An anticipated wave of consolidation in the banking sector has been stalled by the slow economic recovery and uncertain capital and earnings in the industry, according to a report issued by Sterne Agee Thursday.
The report says the stalled consolidation isn't likely to get rolling before next year.
The firm says banks are facing weak expectations for loan growth amid requirements they maintain higher capital levels, which should spur lenders to acquire rivals as a way to bolster their balance sheet growth and improve profitability.
While plenty of distressed banks represent attractive acquisition targets, Sterne Agee argues the industry must overcome several hurdles before mergers and acquisition activity returns to levels seen before the financial crisis hit in 2008: High capital costs, uncertain capital requirements, and wide spreads on potential pricing between buyers and sellers, among others.
The conditions for consolidation among banks will strengthen, however, as more stringent capital requirements for lenders spark a return to traditional merger-and-acquisition activity, the report concluded.
Many well-capitalized banks are poised to take advantage of consolidation, and they will receive more leeway from regulators to pursue acquisitions, Sterne Agee said.
Still, the deals will likely be small and pricing more reasonable than in prior bank consolidation cycles, according to the report.
Sterne Agee says that typically it would want to be investing in potential acquisition targets. Because it anticipates that most of the consolidation will center on distressed banks, however, the firm favors would-be buyers that offer the potential for higher earnings next year, versus companies at risk of lower earnings, given the weak economic recovery. Sterne Agee says it would be wise to also own some banks that will likely be long-term sellers.

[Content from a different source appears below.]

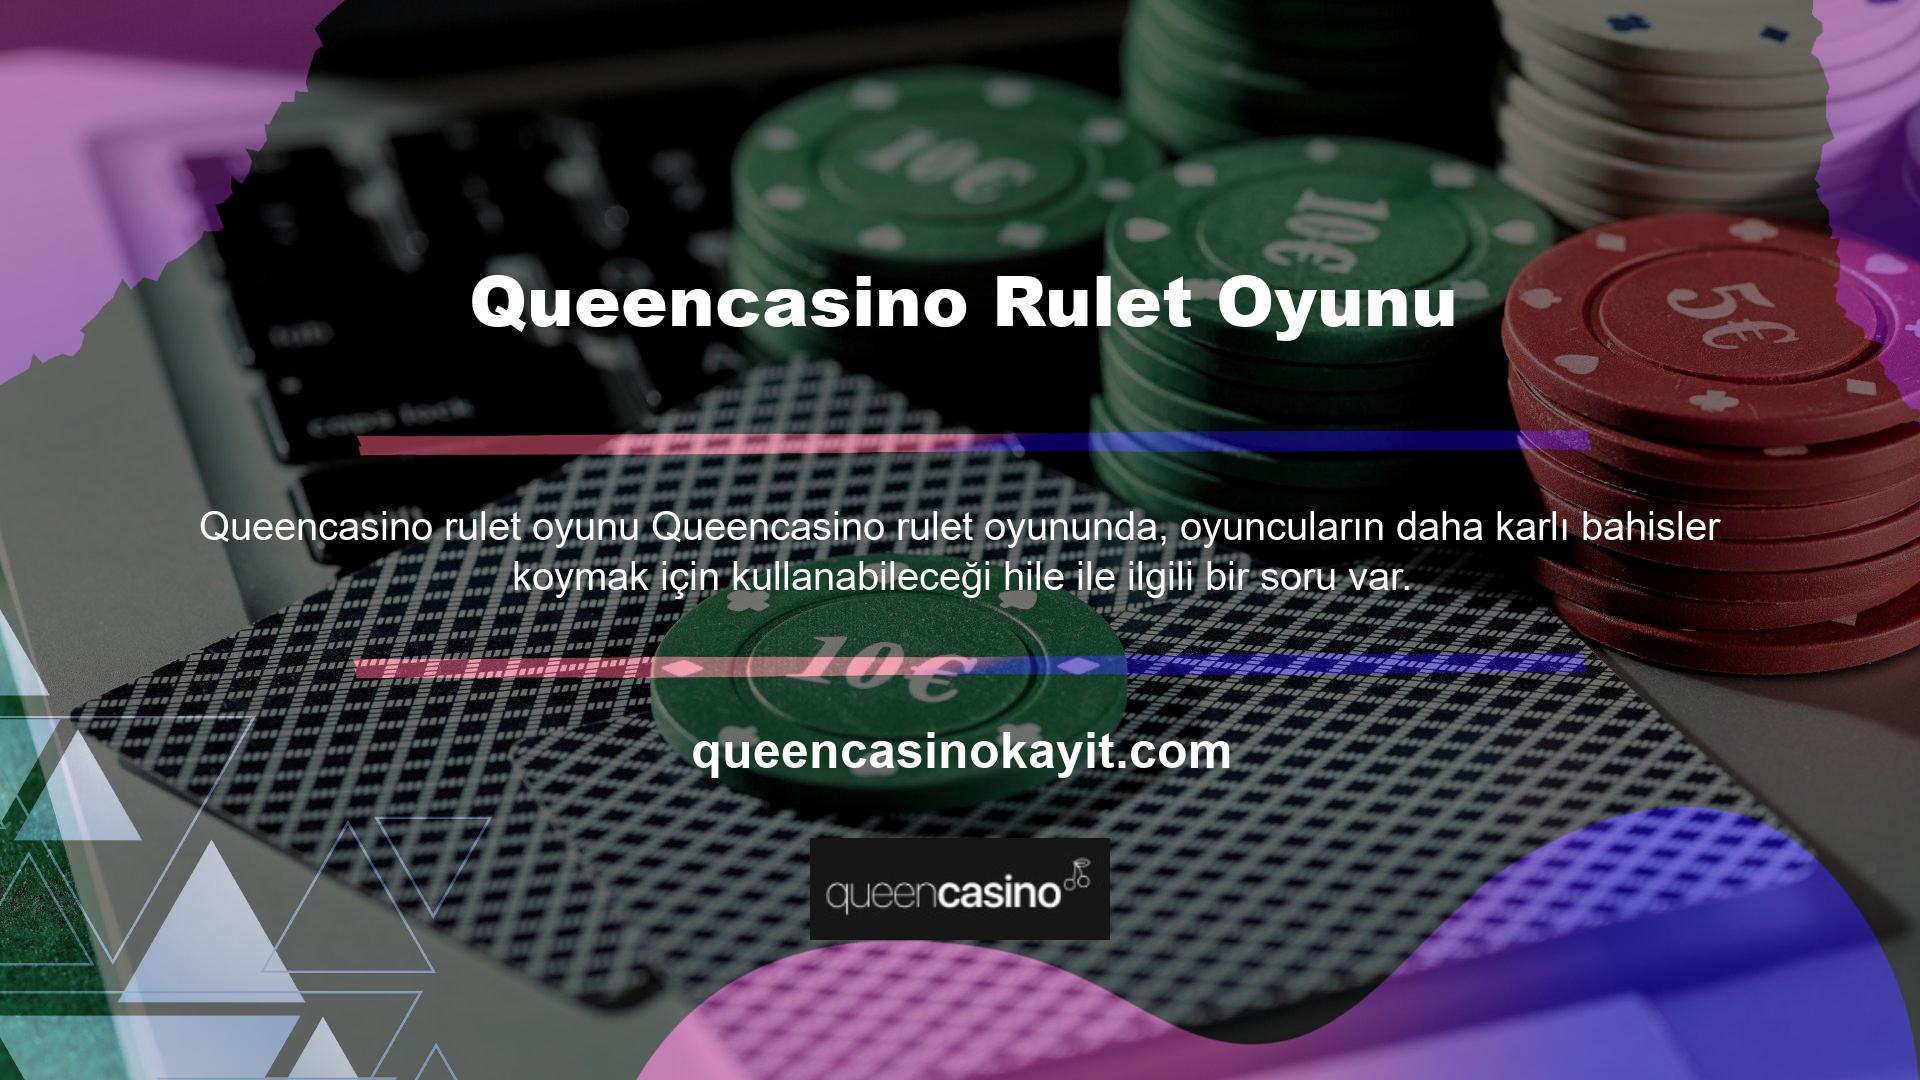 Kullanıcılar Queencasino pokerinde güvenle bahis oynayabilirler
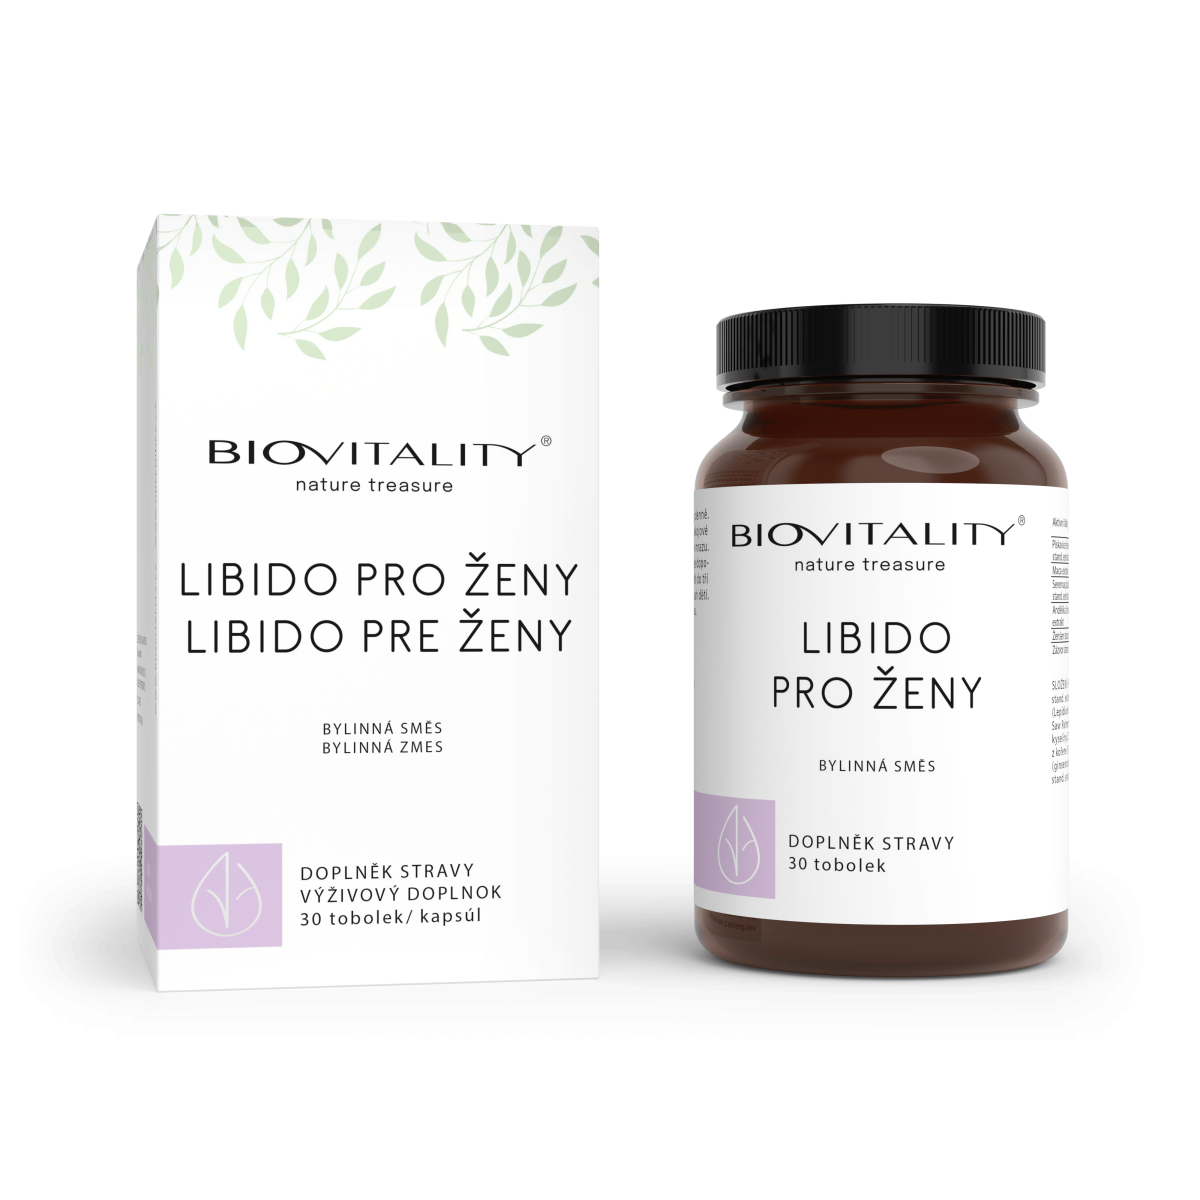 Biovitality Libido pro ženy

Among those the more favorable buyers are large-cap banks that are gaining market share and have relative capital flexibility, including U.S. Bancorp, PNC Financial Services Group, BB&T Corp. and M&T Bank Corp. Sterne Agee also sees JPMorgan Chase & Co. and Wells Fargo & Co. as potential buyers.
Some potential sellers include Astoria Financial Corp., Texas Capital Bancshares Inc., and Cathay General Bancorp Inc.
The firm also anticipates a heightened level of distressed deals in the Northeast and Mid-Atlantic centered on small-cap banks and thrifts, including NPBC National Penn Bancshares Inc., Susquehanna Bancshares Inc., and Webster Financial Corp.
Some potential bank mergers Sterne Agee sees as strategically compelling would involve BB&T and Comerica Inc., Barclays PLC and SunTrust Banks Inc., and a combination between two of these four Chicago lenders: FirstMerit Corp., MB Financial Inc., PrivateBancorp Inc. and Wintrust Financial Corp.
Shares in JPMorgan rose 61 cents, or about 1.5 percent, to $41 in afternoon trading on Thursday.
Wells Fargo added 85 cents, or 3.4 percent, to $26.21, while U.S. Bancorp rose 43 cents, or 1.8 percent, to $24.40.
Shares in Astoria Financial lost 3 cents to $13.78, Texas Capital rose 4 cents to $24.45, Cathay added 7 cents to $15.10, BB&T Corp. fell 2 cents to $26.69, Comerica added 18 cents to $33.98 and FirstMerit lost 22 cents to $15.54.
Elsewhere in the sector, Barclays PLC shares fell 6 cents to $17.17, SunTrust Banks Inc. added 40 cents to close at $25.53, MB Financial fell 25 cents to close at $17.73; PrivateBancorp slipped 25 cents to close at $14.23; Wintrust fell 5 cents to $30.80; PNC Financial fell 6 cents to $59.14 and M&T Bank rose 42 cents to $85.43.